I’d like to point to two articles that have been trending on Facebook in recent weeks to point to a common thread I’ve seen in conversations about ‘mental illness.’ I’m using scare quotes here because the phrase ‘mental illness’ is itself problematic, for it implies that any deviation from statistically normal human cognition (called neurotypicality) is a disease, a problem for society, and something that can (and should) be fixed. Furthermore, the monolith of ‘mental illness’ stands in for arguments about other issues: priorities in higher education, freedom of speech, gun control, racism. ‘Mental illness’ is invoked to distract from other issues, and in the process actual cognitive disability is ignored.
First, conversations about mass shootings often make this rhetorical move:
In this Salon.com article (or perhaps rant), Arthur Chu takes recent media coverage of the Charleston, South Carolina shooting to task for characterizing the suspect Dylann Roof as ‘mentally ill’ rather than as motivated by racism. I’m not convinced that mass shooters are never or rarely mentally ill. See Adam Lankford’s research on the topic. What I find compelling about Chu’s essay is the following:
“What’s also interesting is the way “The real issue is mental illness” is deployed against mass murderers the way it’s deployed in general — as a way to discredit their own words. When you call someone “mentally ill” in this culture it’s a way to admonish people not to listen to them, to ignore anything they say about their own actions and motivations, to give yourself the authority to say you know them better than they know themselves.”
Cognitive disability is probably a contributing factor for such shootings, but that doesn’t make it the only or the primary factor. In addition, any relationship between cognitive disability and violence should lead us to care more for such issues, not to stigmatize the cognitively disabled.
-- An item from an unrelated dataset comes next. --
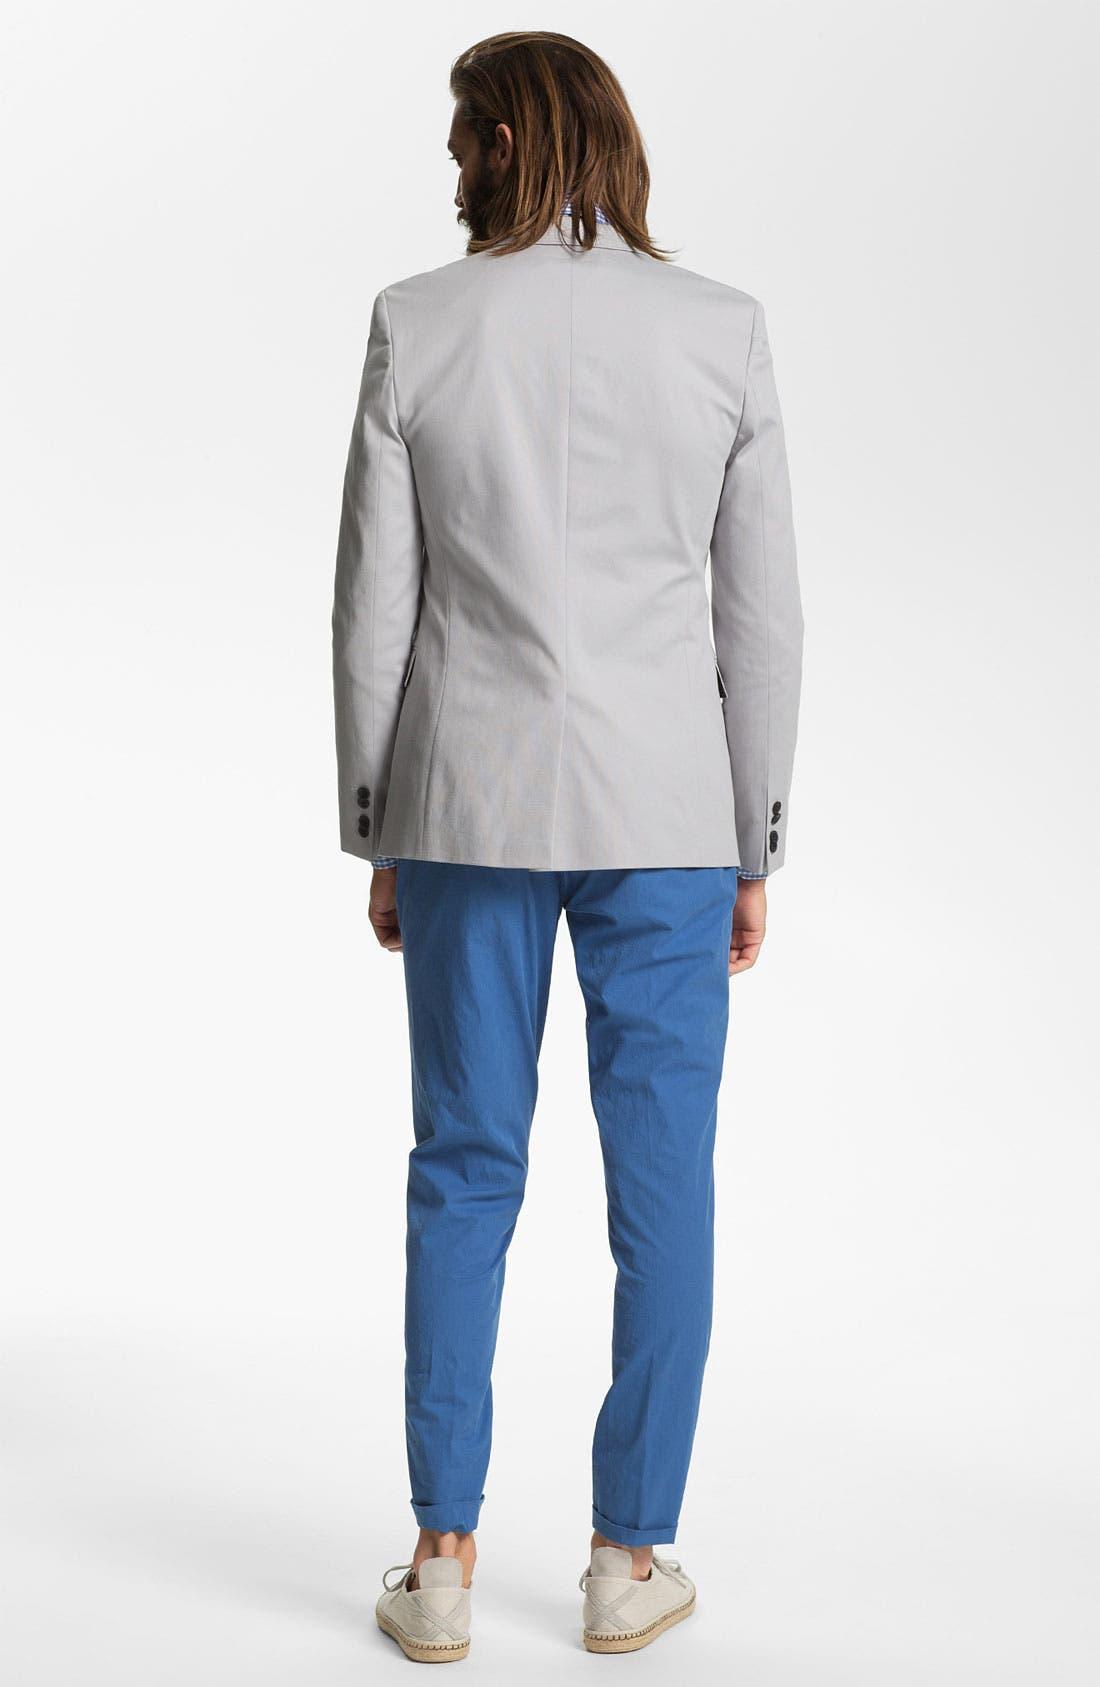 ZZDNUHUGO BOSS, HUGO 'Aeris' Trim Fit Cotton Blend Blazer, Alternate thumbnail 6, color, 030

The stigma against ‘mental illness’ causes more harm than the illnesses themselves, and that stigma is being used to distract from pressing issues about racism and gun control.
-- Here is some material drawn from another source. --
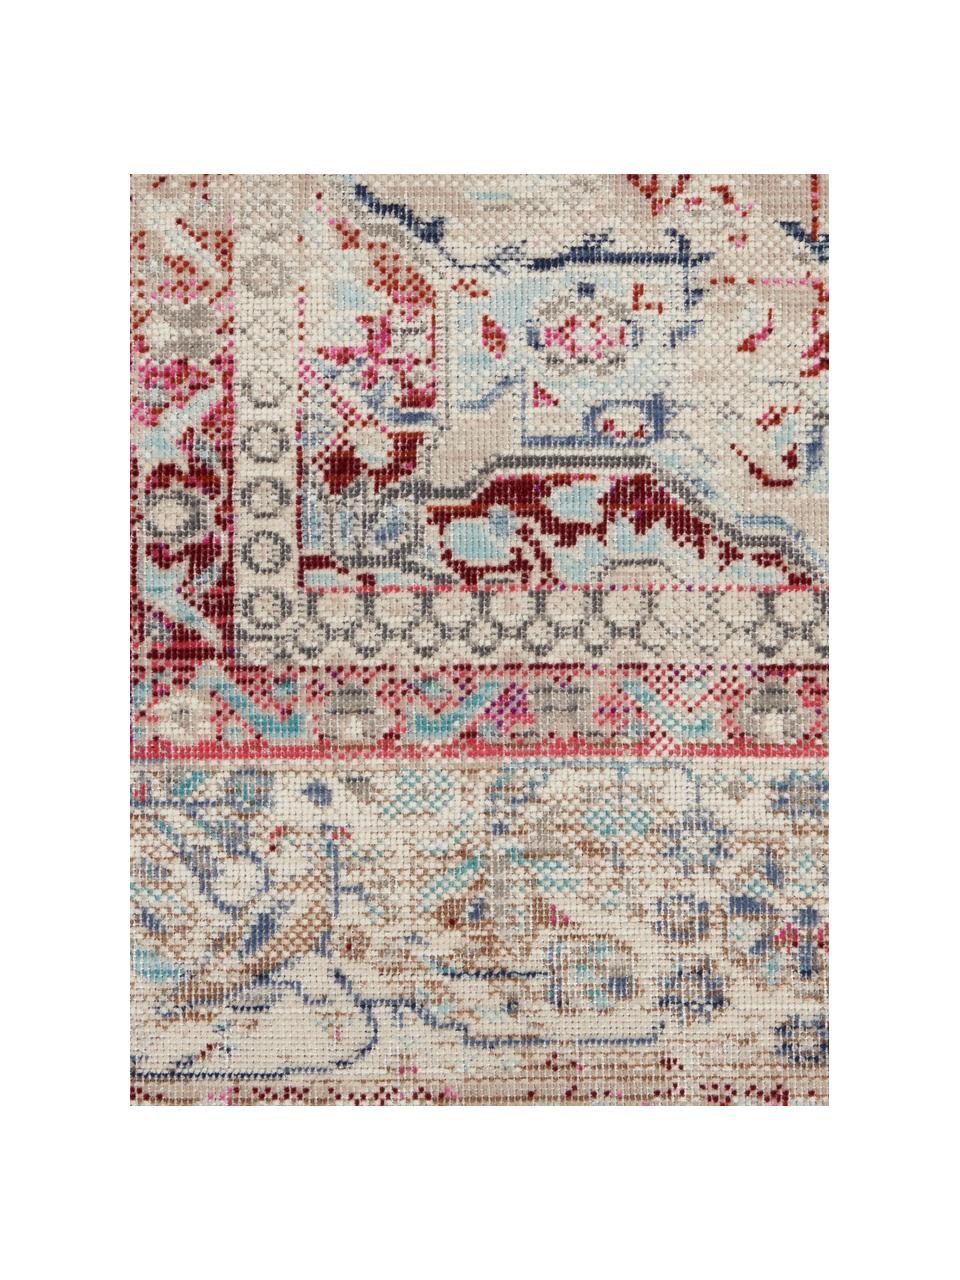 Vloerkleed Vintage Kashan met vintage patroon, Bovenzijde: 100% polypropyleen, Onderzijde: latex, Beige, rood, blauw, B 240 x L 300 cm (maat L)

Conversations about trigger warnings in higher education often employ this same rhetorical strategy:
Ovid’s Metamorphoses Now Deemed Too “Triggering” for Students at Columbia
To quote from the student complaint referenced in this post:
“During the week spent on Ovid’s “Metamorphoses,” the class was instructed to read the myths of Persephone and Daphne, both of which include vivid depictions of rape and sexual assault. As a survivor of sexual assault, the student described being triggered while reading such detailed accounts of rape throughout the work. However, the student said her professor focused on the beauty of the language and the splendor of the imagery when lecturing on the text. As a result, the student completely disengaged from the class discussion as a means of self-preservation. She did not feel safe in the class. When she approached her professor after class, the student said she was essentially dismissed, and her concerns were ignored.”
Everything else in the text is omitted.